Never a night passed but I entered the quiet, disheveled fo'c's'le—full of mildewed clothing and rusted weapons covered with fungi—and, standing at the room's center, imagined I heard those murdered tars: McGaffin's snarl; fetching music from Tommy's flute; the yammering of Fletcher and Meadows; and the nerve-jarring
Har! Har!
of forty pirates in a gin-duel. As I struggled to describe every detail of our passage in the captain's log, I longed for the crewmen lost to fill the ship's room again, for our lonely drifting to disappear,
and, as in a dream, delivering me back to Isadora's sitting room, where I would set my teacup clicking down on her candlestand, cross the carpeted floor on my knees, and bury my face in her skirts, begging her to take me in and forgive my idiot blathering about wanting excitement and saying all the beautiful things I'd meant to tell her to balance how I'd hurt her sometimes.

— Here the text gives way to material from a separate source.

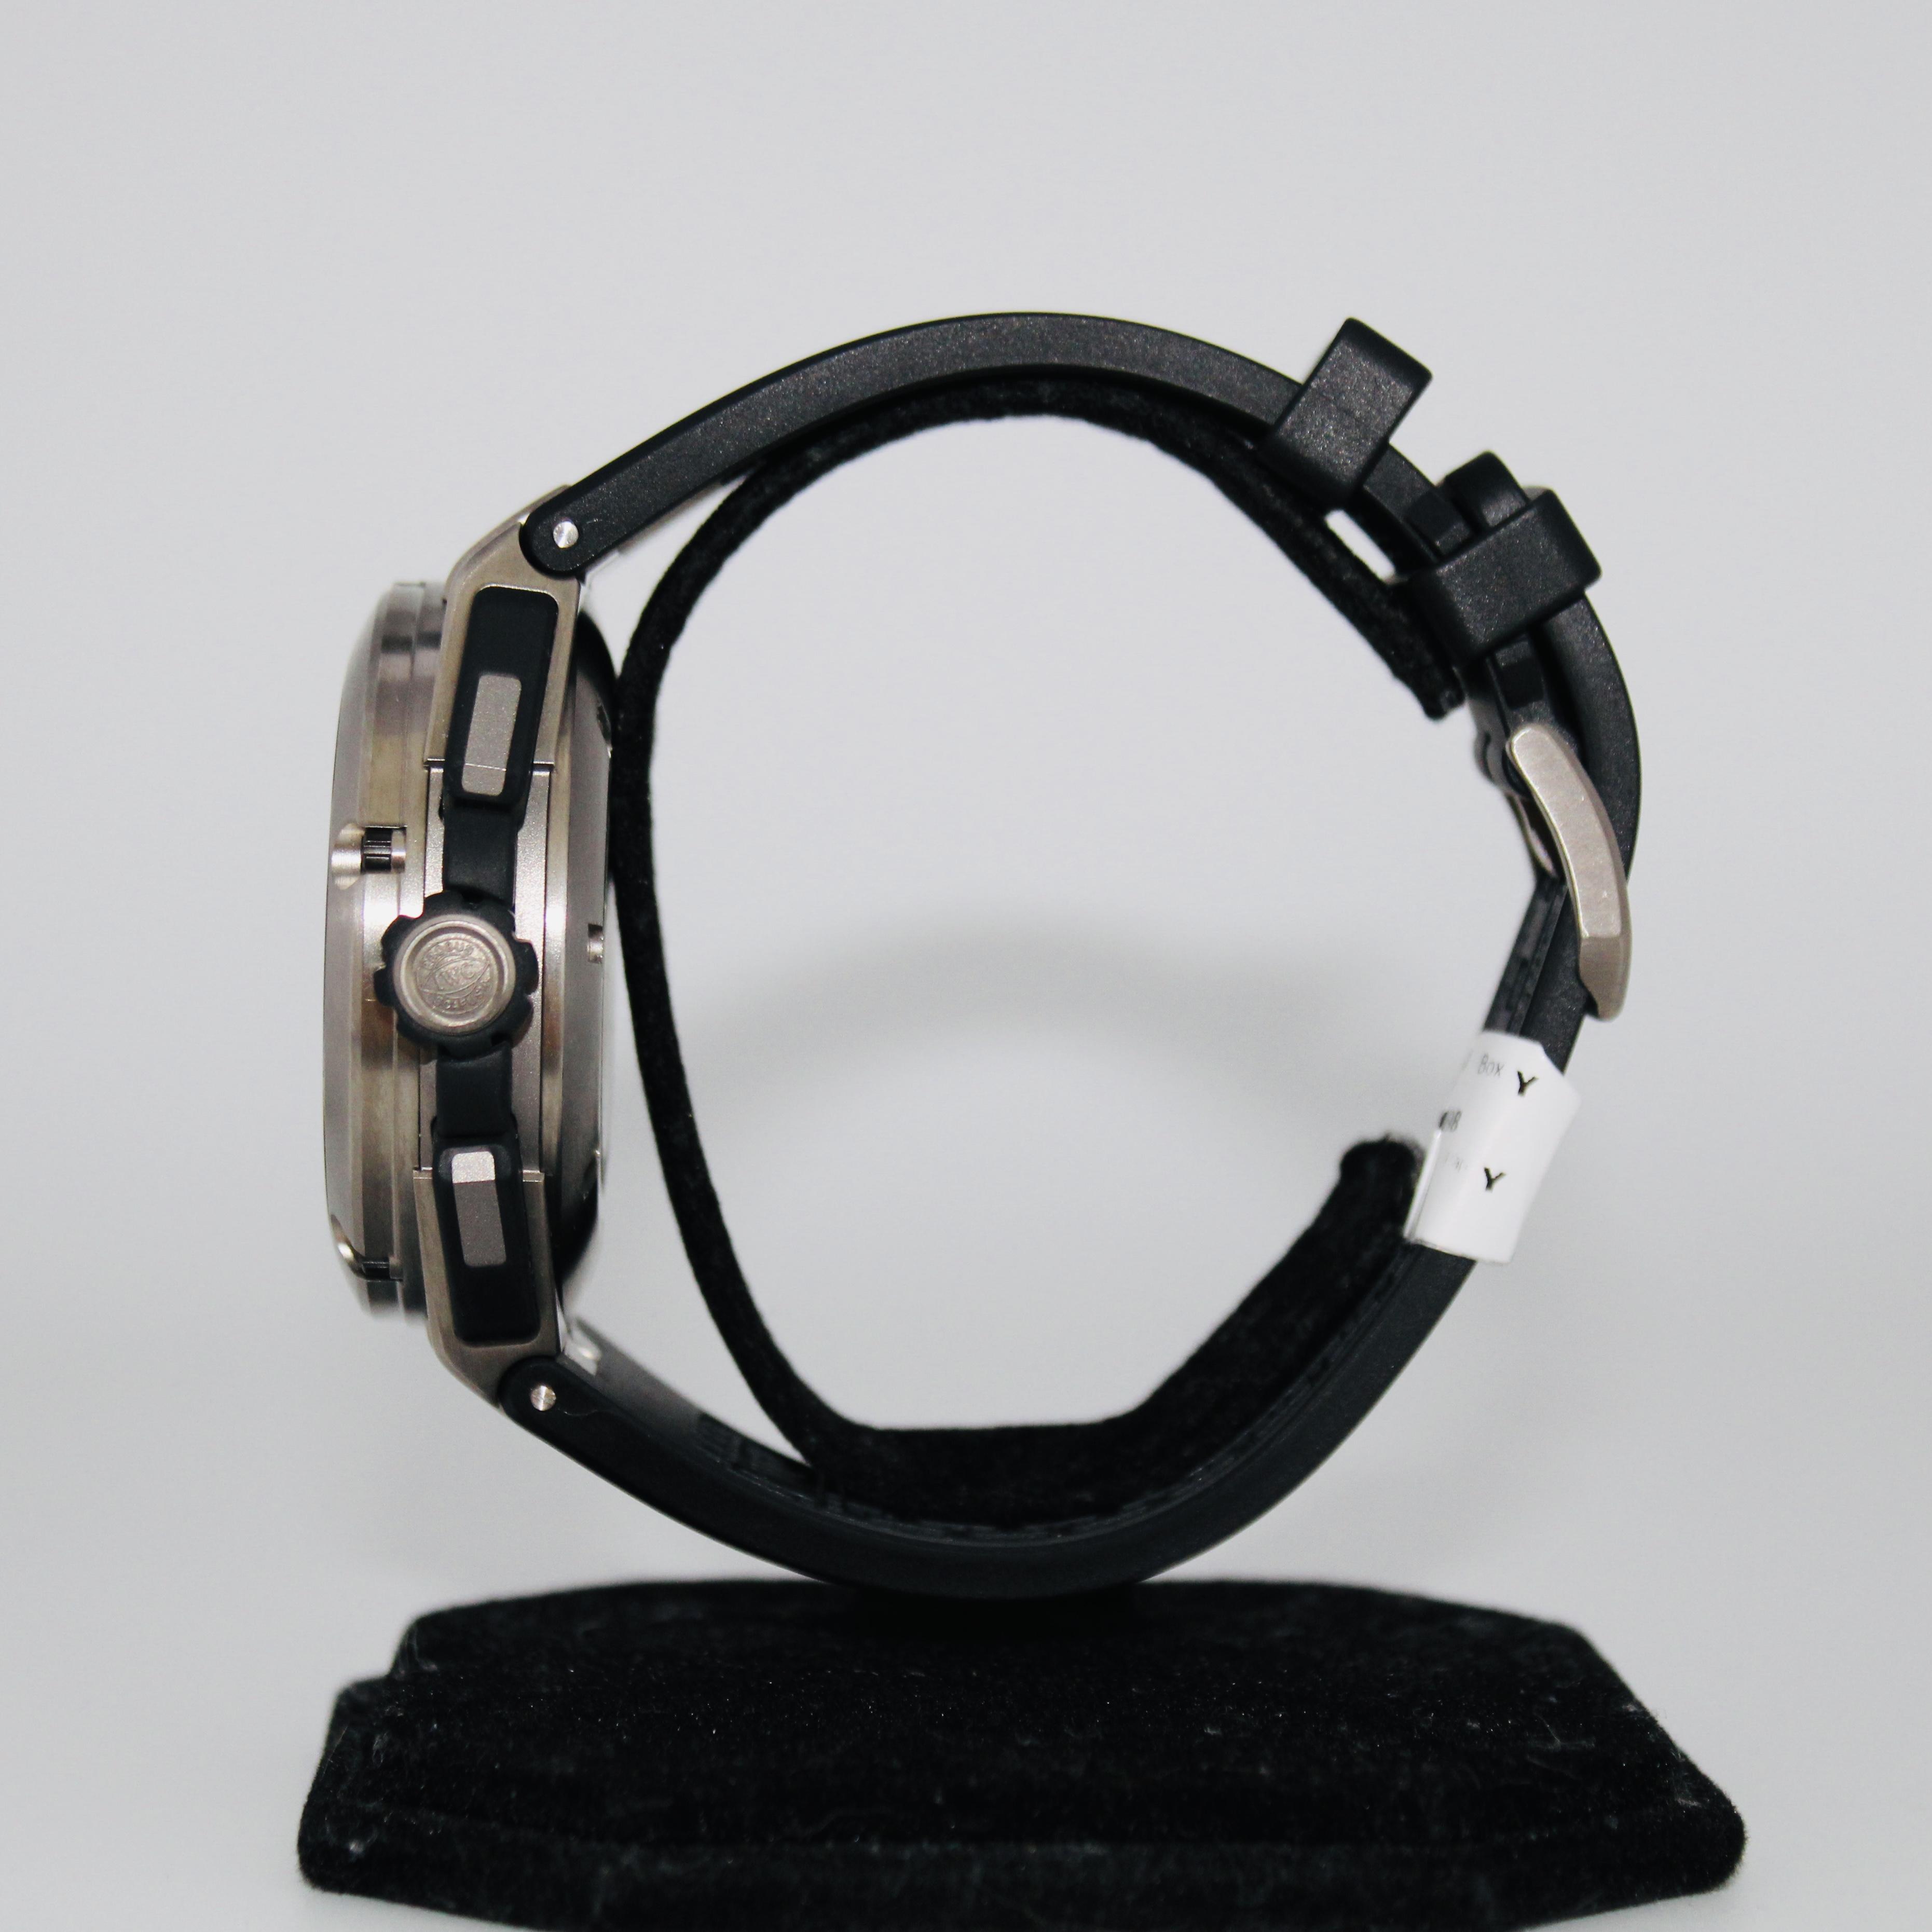 IWC Ingenieur Double Chronograph ref IW37650 - Image 3 of 5

Like a wife she would watch me closely to see my reactions to the portraits of women in popular magazines, or on the street, faintly jealous if I stared at them too long, but never showing it, wounded but too proud to let on that I had brought her pain, this woman who, I knew, had paid my bills back home. And it came to me, there in the darkened room, that perhaps Papa was right and there were only two kinds of people in the New World: debtors such as I had been all my days and those who, like Isadora, paid the rent for all the rest. But the dream never doorwayed into her rooms, and the furnishings of the fo'c's'le took on a grim finality or gave me such a feeling of there being nothing beyond these groaning timbers, this endless sea, that I wept shamelessly like a child.

“Ruth'ford,” said Baleka, catching me like this. “Can I get you anythin'?”